> **WORK INSTRUCTION**: Your task is to copy the data exactly while leaving out every picture.

> **GIVEN MATERIAL**:
◇ ◇ ◇ ◇
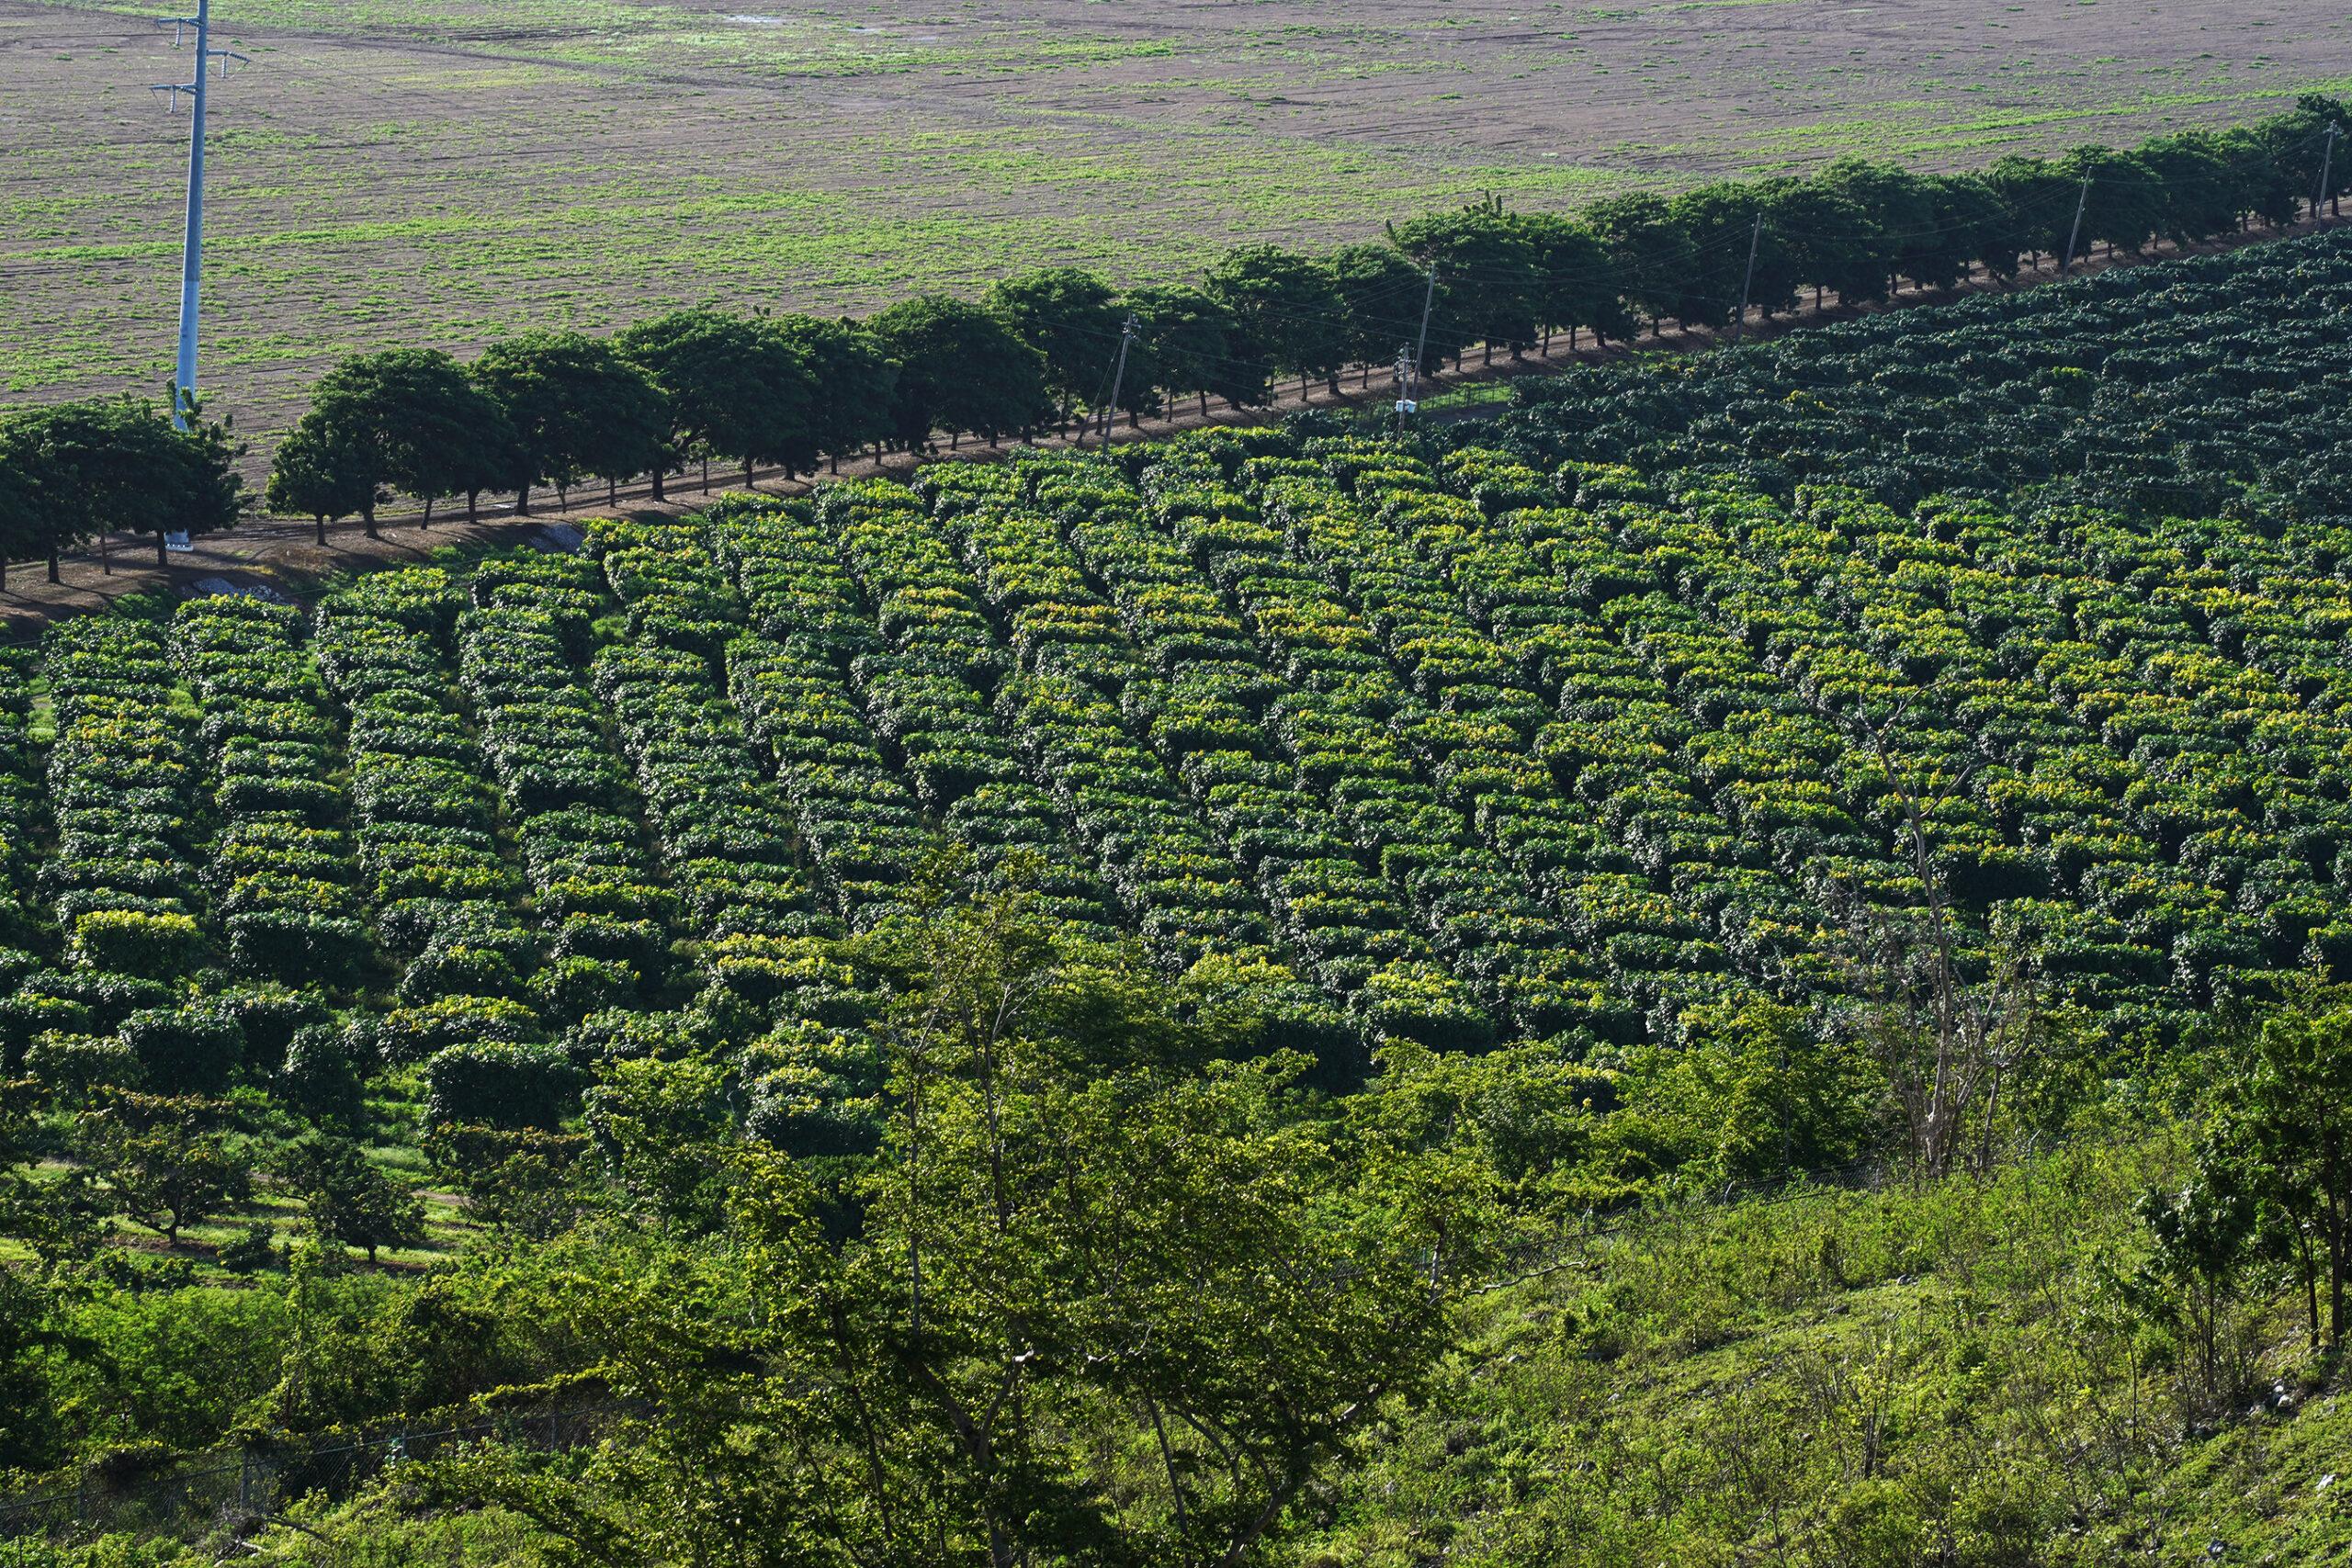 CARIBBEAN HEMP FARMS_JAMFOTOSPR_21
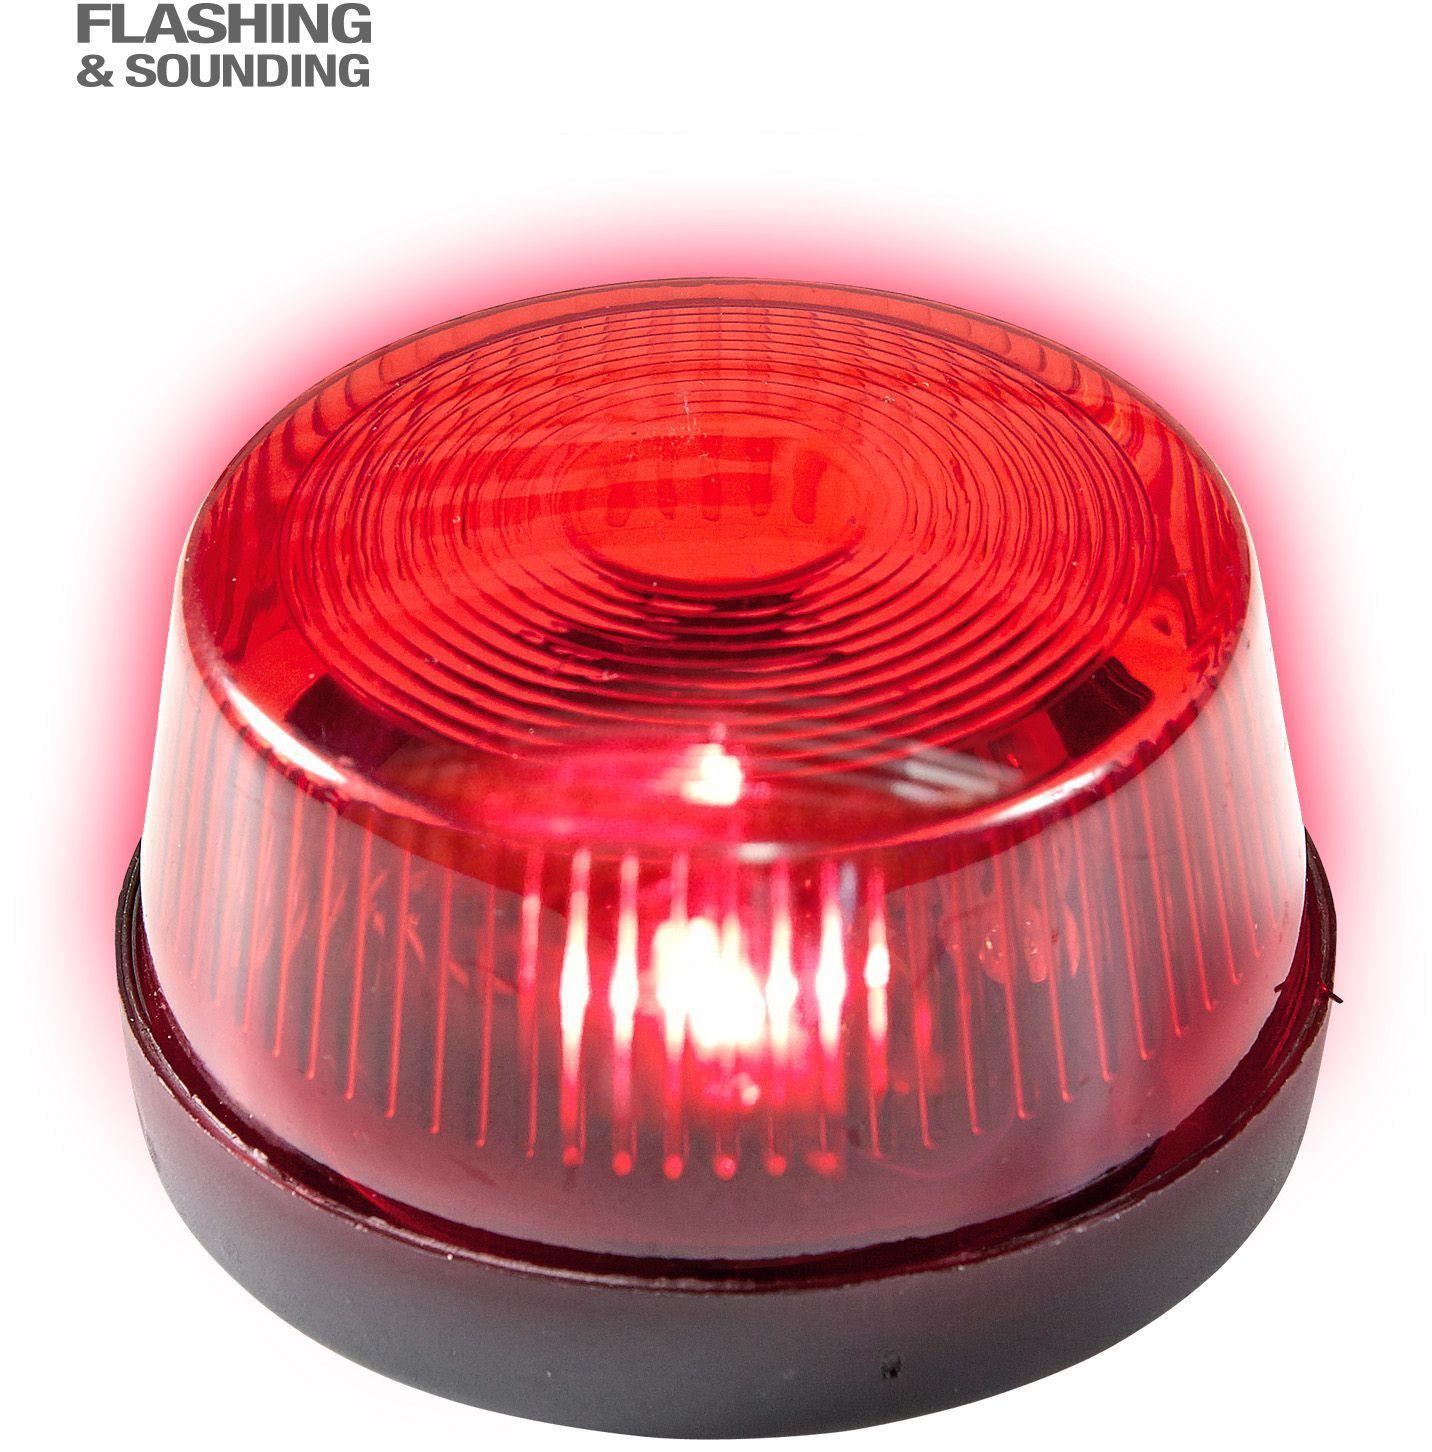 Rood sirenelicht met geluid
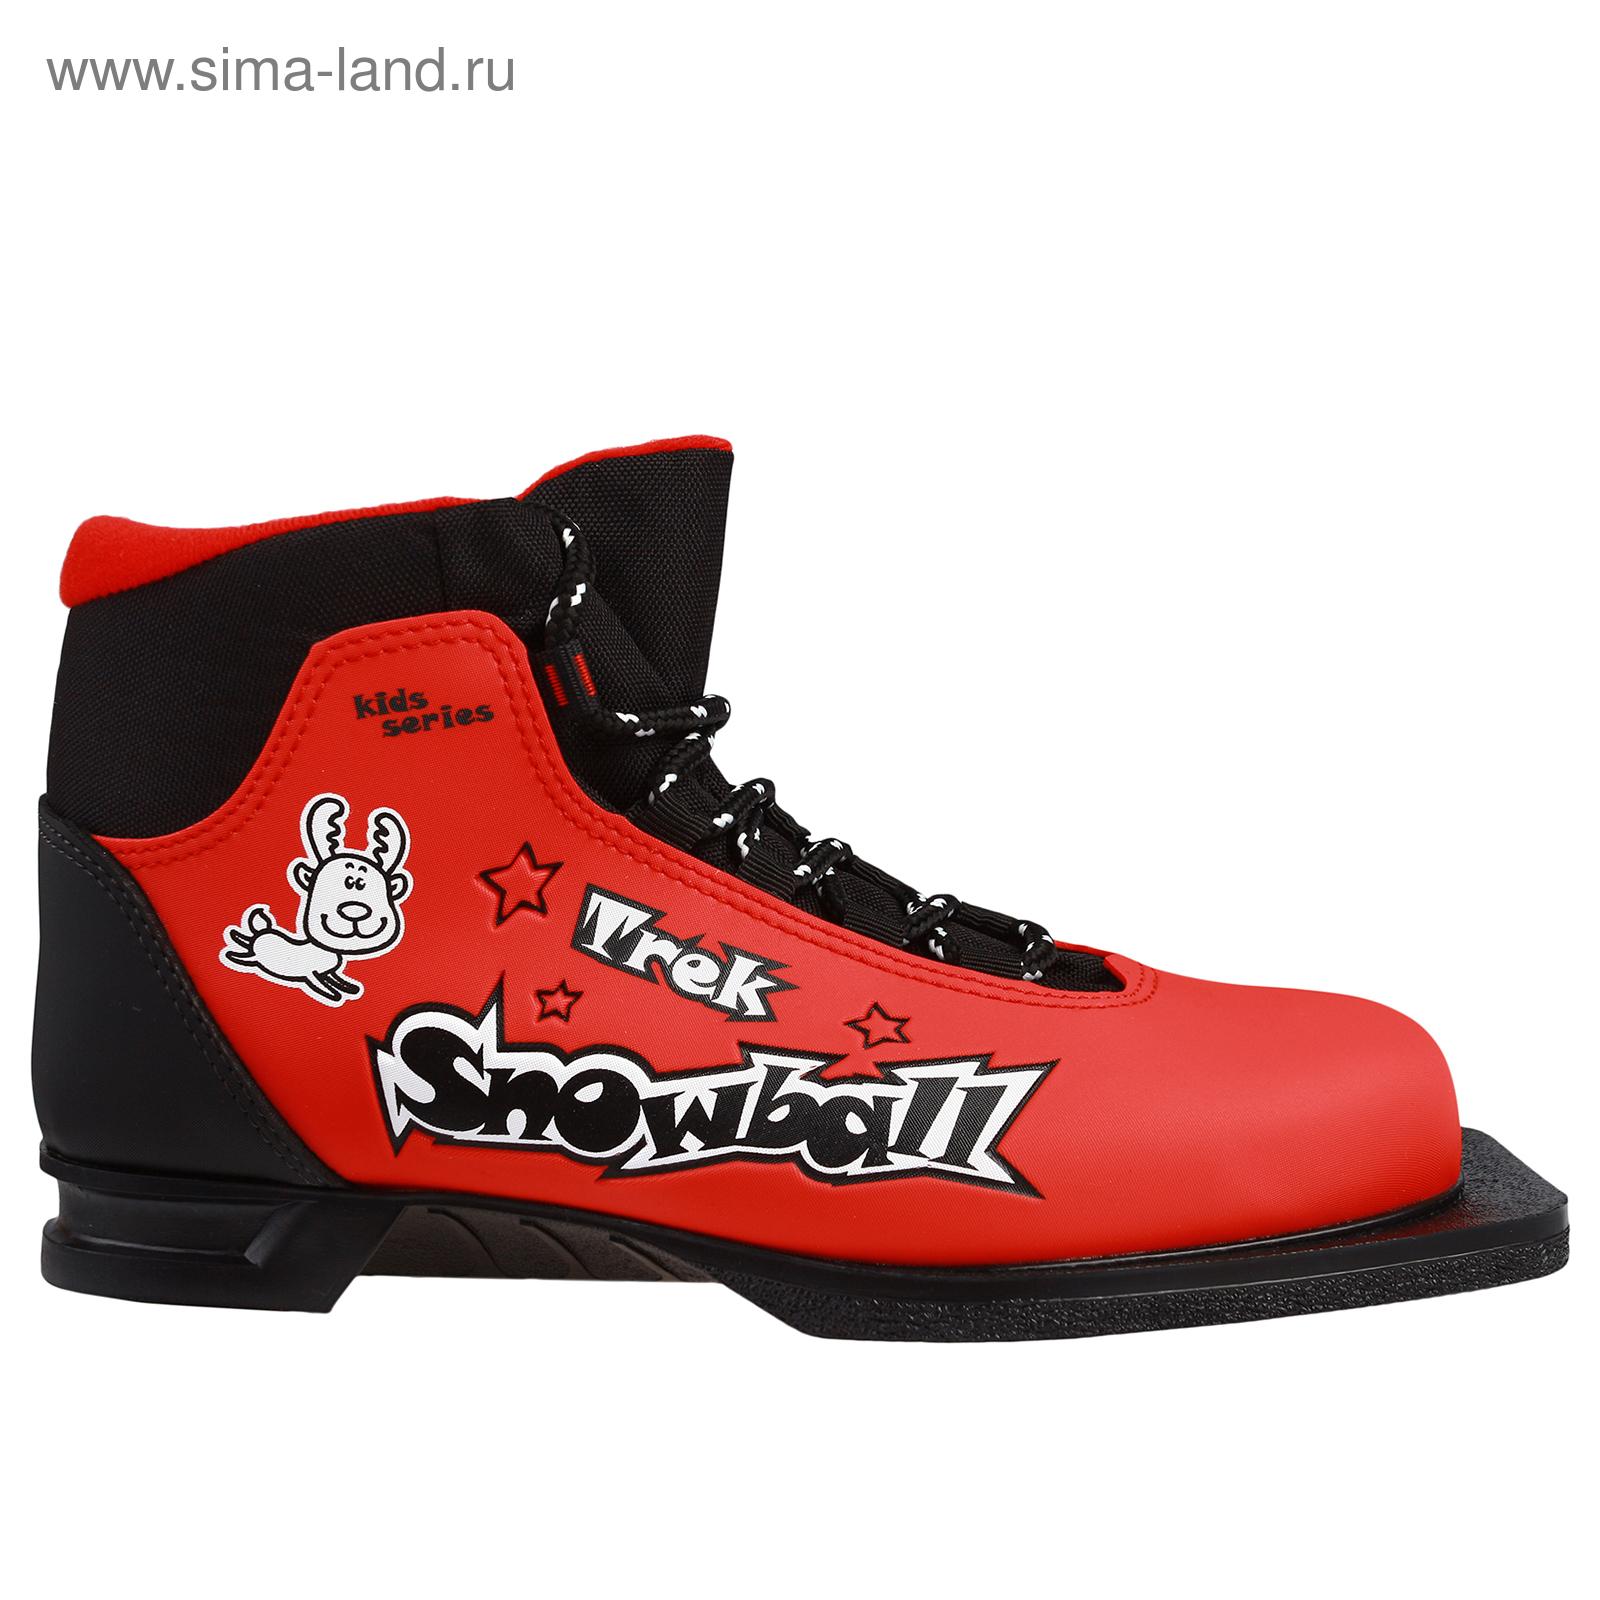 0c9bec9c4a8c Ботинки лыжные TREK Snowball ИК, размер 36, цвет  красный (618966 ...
◇ ◇ ◇ ◇
> **FINISHED EXERCISE**:
 CARIBBEAN HEMP FARMS_JAMFOTOSPR_21
 Rood sirenelicht met geluid
 0c9bec9c4a8c Ботинки лыжные TREK Snowball ИК, размер 36, цвет  красный (618966 ...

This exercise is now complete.